Kohana uses git for version control and github for collaboration. This tutorial will show you how to use git and github to build a simple application.

Installing and setting up Git on your machine

Installing Git

Basic global settings

git config --global user.name "Your Name"
git config --global user.email "youremail@website.com"

Additional but preferable settings

To have a better visualisation of the git commandos and repositories in your command-line, you can set these:

git config --global color.diff auto
git config --global color.status auto
git config --global color.branch auto

Setting auto-completion

[!!] These lines are only to use on an OSX machine

These lines will do all the dirty work for you, so auto-completion can work for your git-environment

cd /tmp
git clone git://git.kernel.org/pub/scm/git/git.git
cd git
git checkout v`git --version | awk '{print $3}'`
cp contrib/completion/git-completion.bash ~/.git-completion.bash
cd ~
rm -rf /tmp/git
echo -e "source ~/.git-completion.bash" >> .profile

Always use LF line endings

This is the convention that we make for Kohana. Please set this settings for your own good and especially if you want to contribute to the Kohana community.

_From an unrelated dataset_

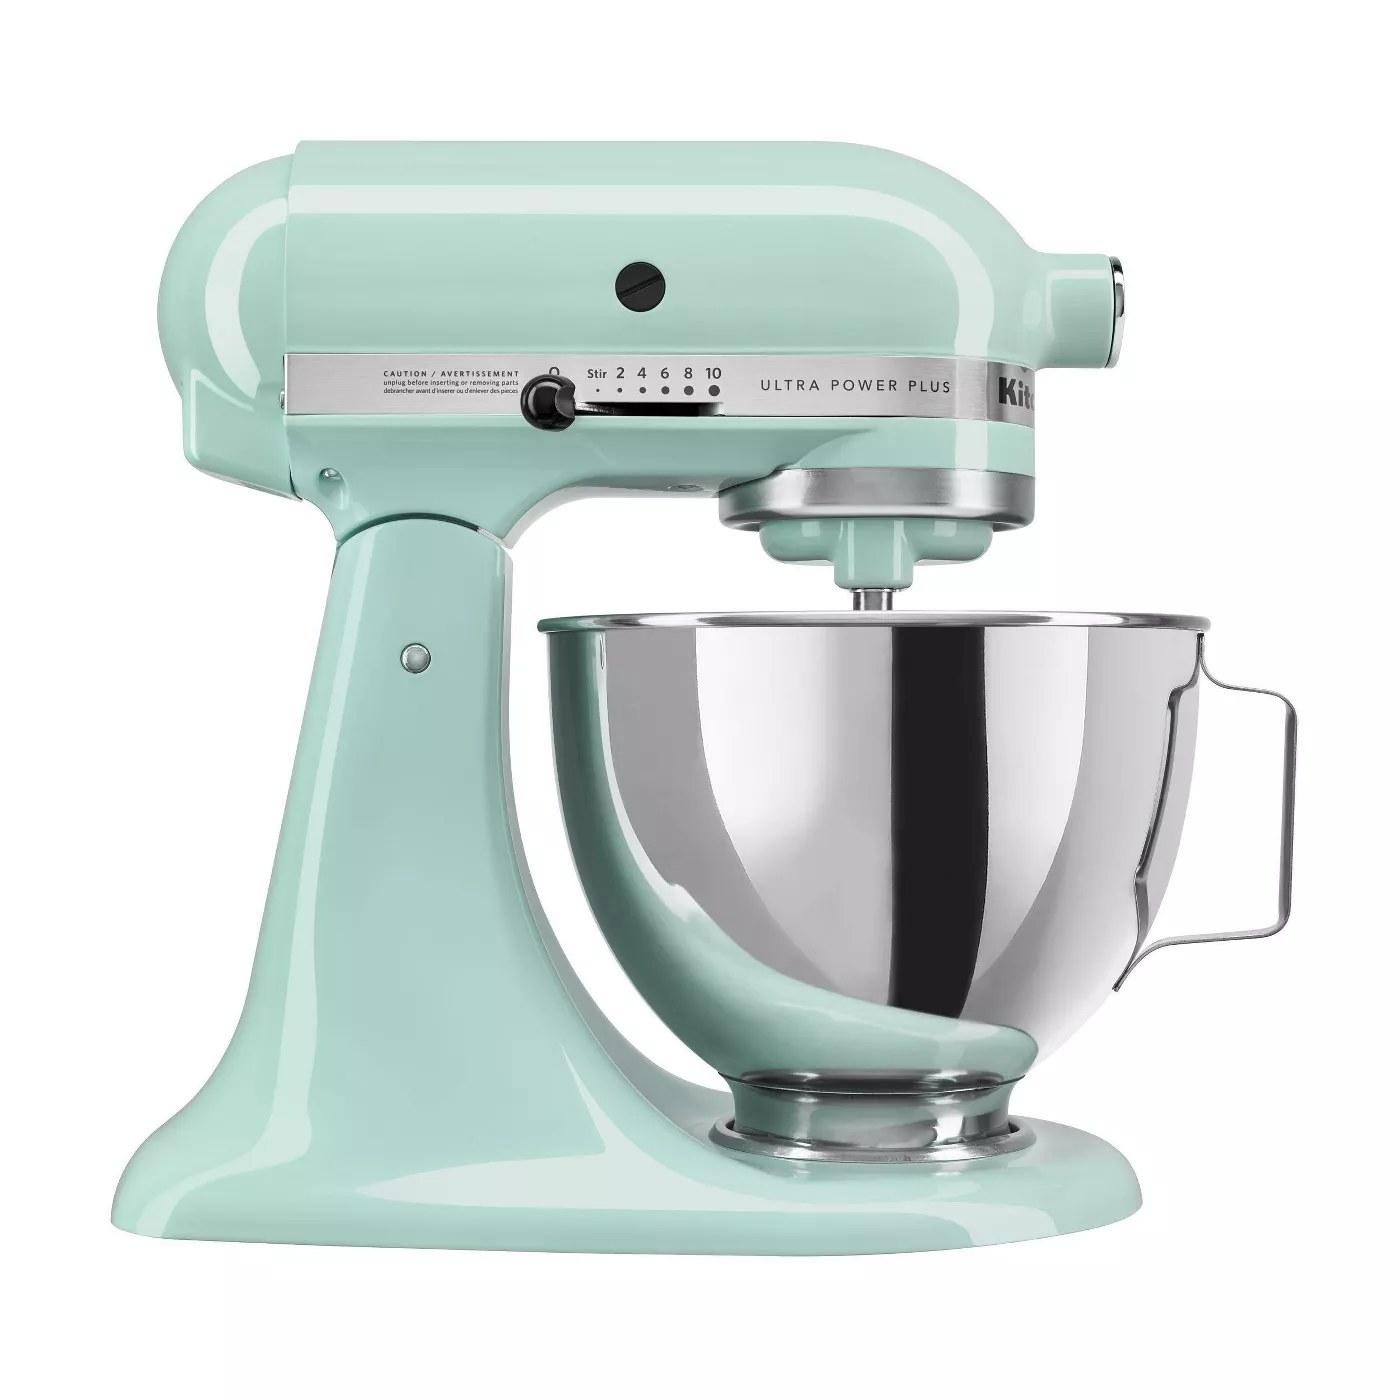 An ice-blue KitchenAid mixer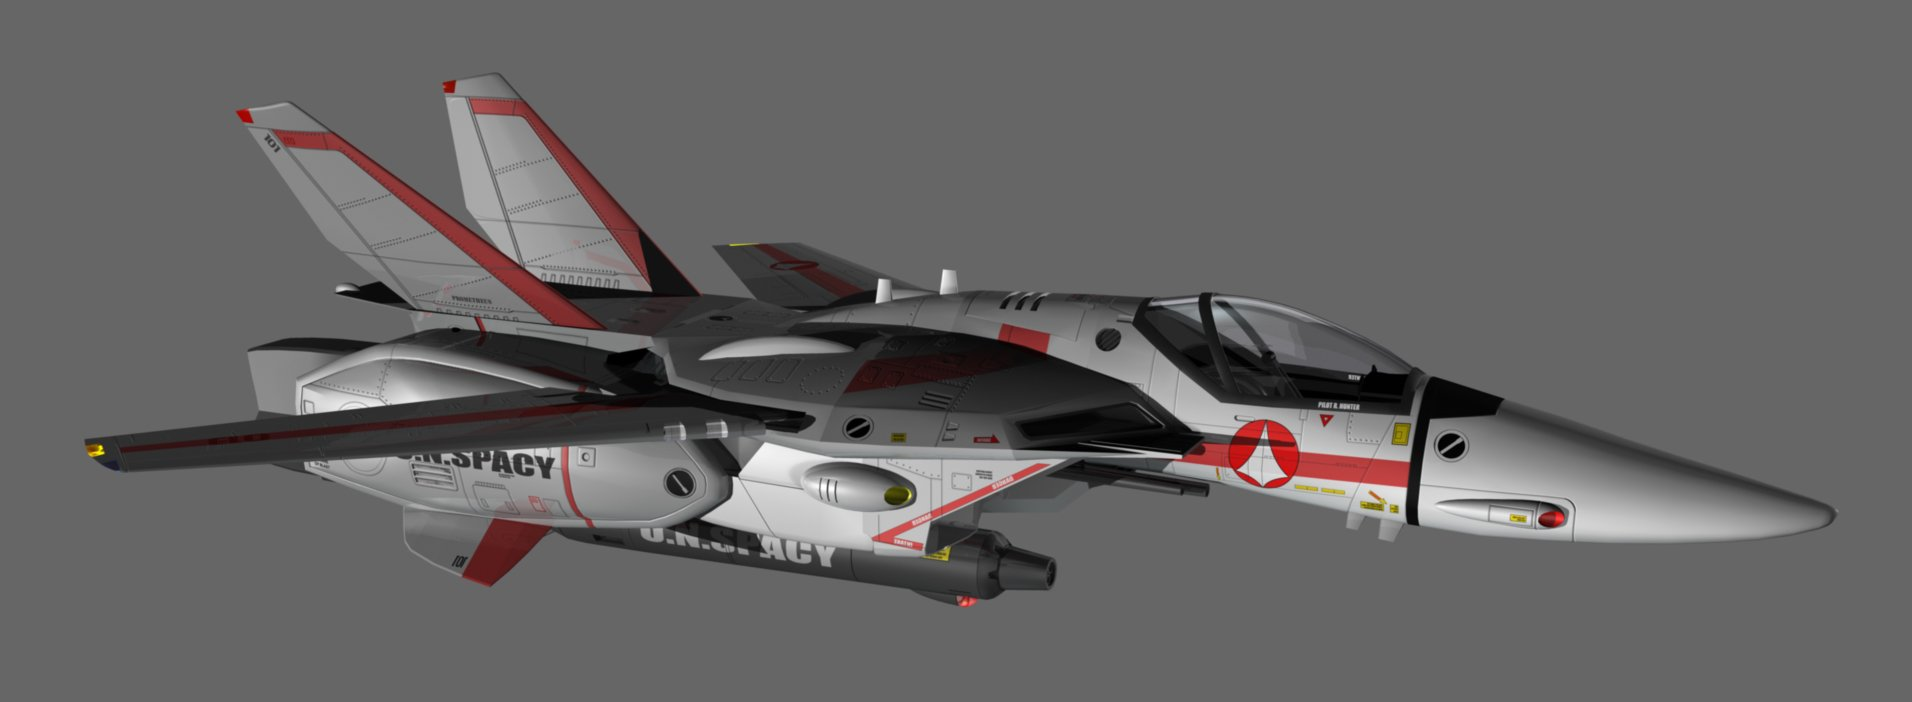 rick jet 2.jpg

git config --global core.autocrlf input
git config --global core.savecrlf true

[!!] More information about line endings at github

More information to get you on the track

Initial Structure

[!!] This tutorial will assume that your web server is already set up, and you are going to create a new application at http://localhost/gitorial/.

Using your console, change to the empty directory gitorial and run git init. This will create the bare structure for a new git repository.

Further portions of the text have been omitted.